2. Look beyond sales to mine growth. To maximize the benefits of micro-markets, leading organizations recognize they need to involve functions beyond sales.
3. Keep it easy for the sales team. Micro-market strategies by their very nature are heavy on the analytics, so it’s important that sales teams on the ground don’t get bogged down by the detail and can simply harness the information in the most effective way.
The company had 20 percent of the overall market but only 10 percent in some of the fastest-growing segments.
Find the Pockets of Growth
Granularity is a word traditionally used more by scientists than sales leaders, yet it cropped up time and again in our conversations. Companies that have capitalized on micro-markets have taken a geological hammer to all their market and customer data; they break larger markets down into much smaller units, where the opportunities – prospects, new customer segments, or micro-segments – can be assessed in detail.
Portugal Telecom has wielded this hammer in several key markets, including Brazil. Former CEO Zeinal Bava explained in 2011: “To me, there’s no such thing as an effective countrywide strategy. We break the country down into customer segments and then look at different geographies. São Paulo city is very different from São Paulo state, for example… You have to walk away from the averages and map out the markets. If you are the leader in a specific market, it might be sufficient to offer customers one month [subscription] for free. If you’re number four, you might have to give them three months. When we rolled out 3G, we started in areas where the average revenue per user and spectrum availability supported the business case and service quality underlying the investment.”5
It quickly becomes clear that a broad-brush approach will not lead to the most lucrative hot spots and could leave you wasting resources where growth is significantly below average. Leading companies are taking differentiated approaches to driving revenue growth based on this type of granular information.
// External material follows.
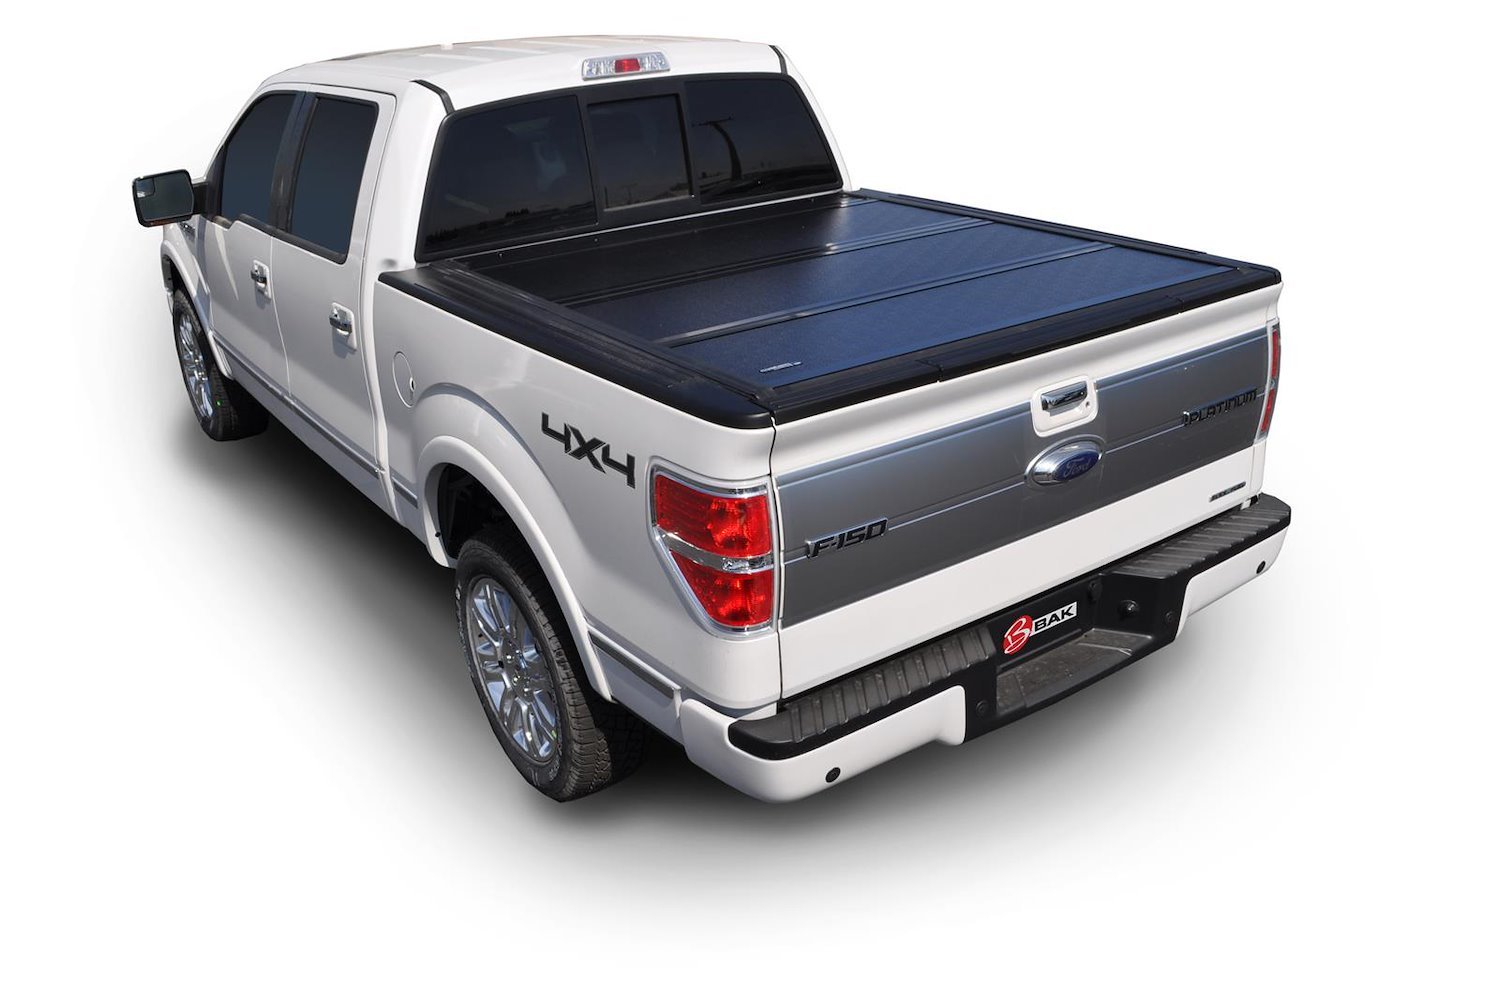 226306 BAKFlip G2 for 94-11 Ford Ranger 7.1 ft. Bed, Hard Folding Cover Style [Black Finish]

In Europe, a consumer telecommunications company reexamined its 15 sales regions and split them into approximately 500 micro-markets based on a variety of characteristics such as shopper population density and store catchment areas. Sales leaders were surprised to see that when viewed at this level of detail, these markets actually varied by a factor of four in terms of shopping activity, economic growth, and wealth. Focusing the microscope on its store penetration in each micro-market and looking at the relative share of stores compared to competitors showed similarly wide variations.
It became apparent that there were deep pockets of opportunity in places with attractive populations and limited competition, but the company did not have the right store footprint or formats to access this untapped demand. There were also places where competition was intense but there were fewer unserved customers than the company had initially believed. It had treated many of these markets in similar ways due to the lack of granular, micro-level segmentation. The head of channels realized quickly that it was time for a much more differentiated approach if the company was to grow revenue profitably.
The company aggregated its 500 micro-markets into four categories. In the most underserved markets with the lowest density of retail stores (both its own and those of competitors) the company focused on developing different store formats to make store economics more attractive and establish a foothold before its competitors. Ultimately, the telecommunications company saw 5 to 10 percent more in-store visits by optimizing its store footprint. It also shaved total store costs by 5 percent by eliminating, resizing, or refocusing less profitable locations.
A broad-brush approach will not lead you to the most lucrative hot spots.
The chemicals and services company we mentioned at the start of the chapter used a four-step approach to finding pockets of growth. First, it created an opportunity map, which is the foundation of micro-market strategy. It defined the size of the micro-markets at a district level by matching administrative counties with reps’ typical 25-mile territory radius; this typically resulted in coverage of four or five counties. Then, the company determined the growth potential based on a list of 15 drivers, using industry knowledge as well as interviews with customers and reps. Drivers included cost of input, cost of capital, local demographics, etc. The company measured the impact of each driver by analyzing how it had affected growth historically. Third, the company estimated market share in each market and what lay behind market-share differences between markets, which included drivers such as rep coverage, pricing by channel and product, and marketing spend. Finally, sales leaders prioritized the growth pockets based on opportunity for growth. It realized that 60 percent of the fastest-growing counties had inadequate rep coverage, while there were slow-growth territories that were over-resourced.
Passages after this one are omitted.